If the calculated scene length is identical to the scene length of the digital video stored in the digital video database within the threshold range at the step S15, it determines that the input digital video is already registered at the digital video database at step S16. That is, it determines whether the input digital video is in the digital video database or not in real time according to the present invention.

It will be apparent to those skilled in the art that various modifications and variations can be made in the present invention.

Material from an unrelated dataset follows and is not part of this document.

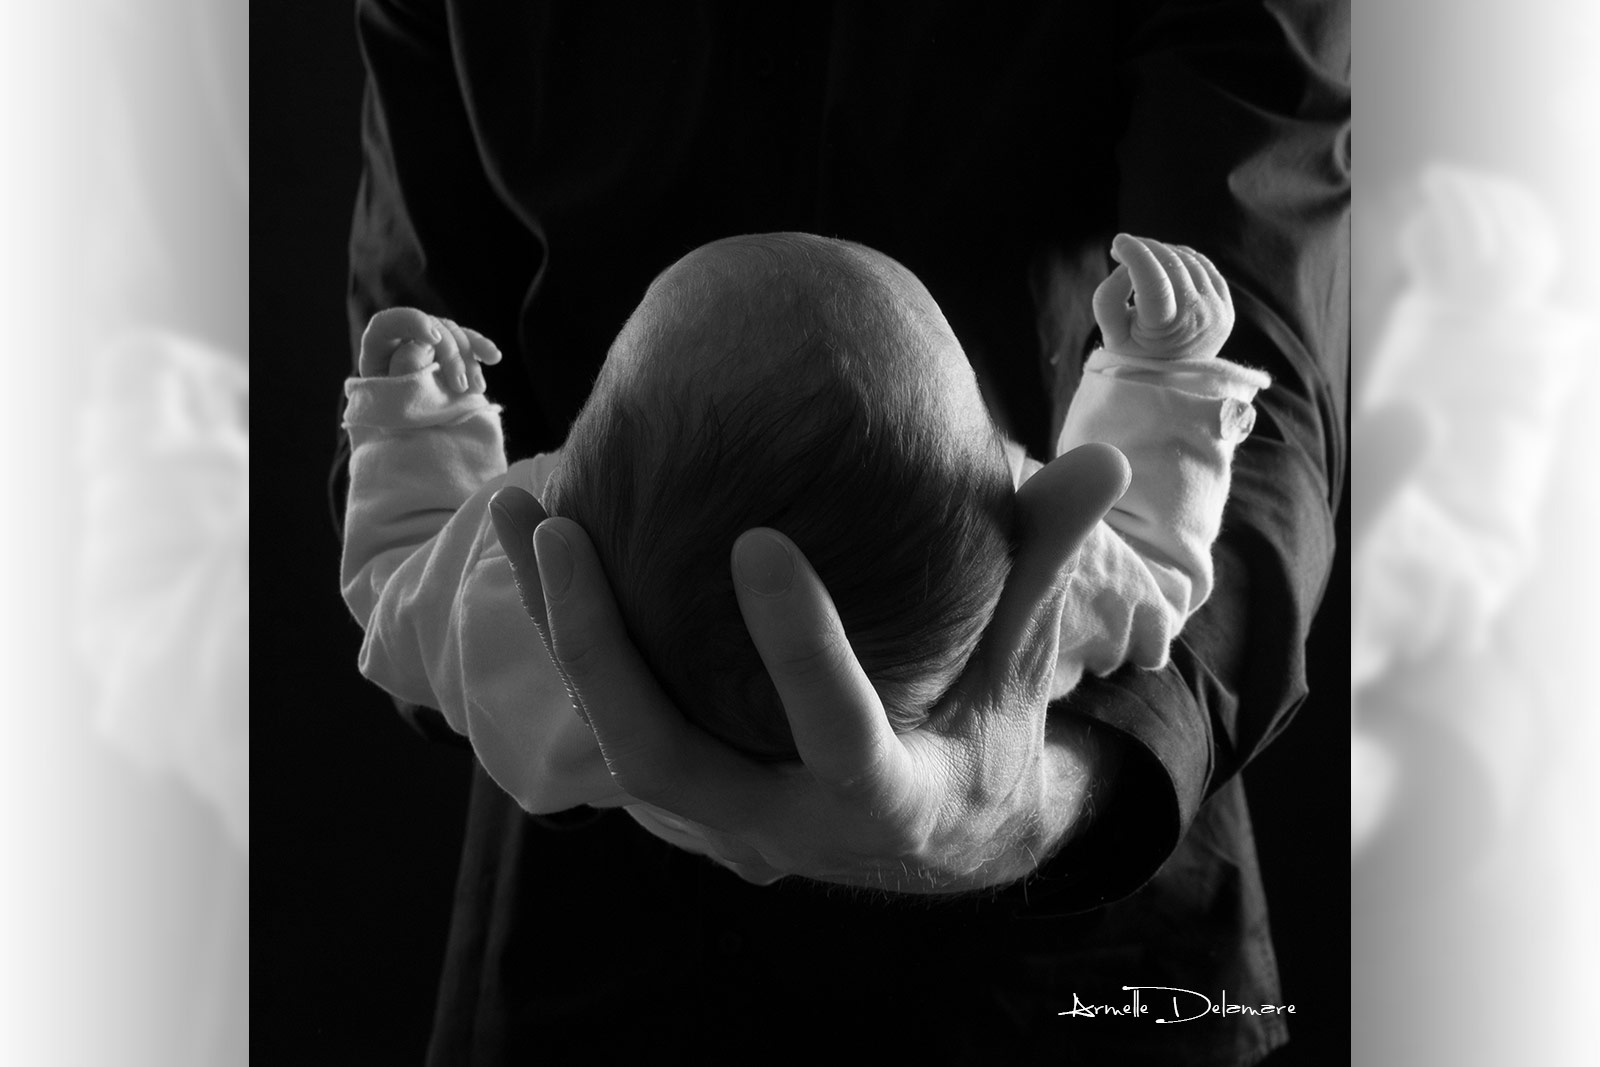 Armelle Delamare Photographe Pavilly Photographie séance photo bébé naissance

Thus, it is intended that the present invention covers the modifications and variations of this invention provided they come within the scope of the appended claims and their equivalents.

Claims

1. A real-time digital video identification system comprising:

a scene information extractor for receiving a digital video, extracting a difference between frames of the received digital video and calculating a scene length using the extracted difference;

a digital video database system for storing a plurality of digital videos and scene lengths corresponding to the stored digital videos; and

a digital video comparator for receiving the calculated scene length from the scene information extractor, sending a query to the digital video database and comparing the received scene length with the response of the query from the database system.

2. The real-time digital video identification system of claim 1, wherein the scene information extractor includes:

a difference extractor for receiving a digital video and detecting a scene change portion of the digital video based on a predetermined parameter; and

a scene change detecting filter for calculating a scene length using the parameter after performing a scene change detection filtering based on the parameter.

3. The real-time digital video identification system of claim 2, wherein the parameter is a rate of brightness variation between frames larger than a threshold.

4. The real-time digital video identification system of claim 1, wherein the digital video database stores N scene lengths as one object when a plurality of digital video and scene lengths thereof are stored in the digital video database.

5. A method of identifying a digital video in real time comprising the steps of:

a) extracting a difference between frames of an input digital video using a rate of brightness variation larger than a threshold between frames of the input digital video;

b) detecting the location of scene change exploiting the scene change detecting filter

c) calculating a length of frames as a scene length using the extracted scene change portion of the digital video at the step b);

d) sending the calculated scene length as a query to a digital video database previously built;

e) comparing the calculated scene length with a scene length registered corresponding to a digital video ID outputted as a result of the query; and

f) determining whether a currently inputted digital video is registered in the digital video database or not through determining whether the calculated scene length is identical to a scene length of a digital video registered in the database within a threshold range.

6. The method of claim 5, wherein the digital video database defines IDs(or NAMEs) of digital videos as a key value and stores N scene lengths for each ID as an attribute.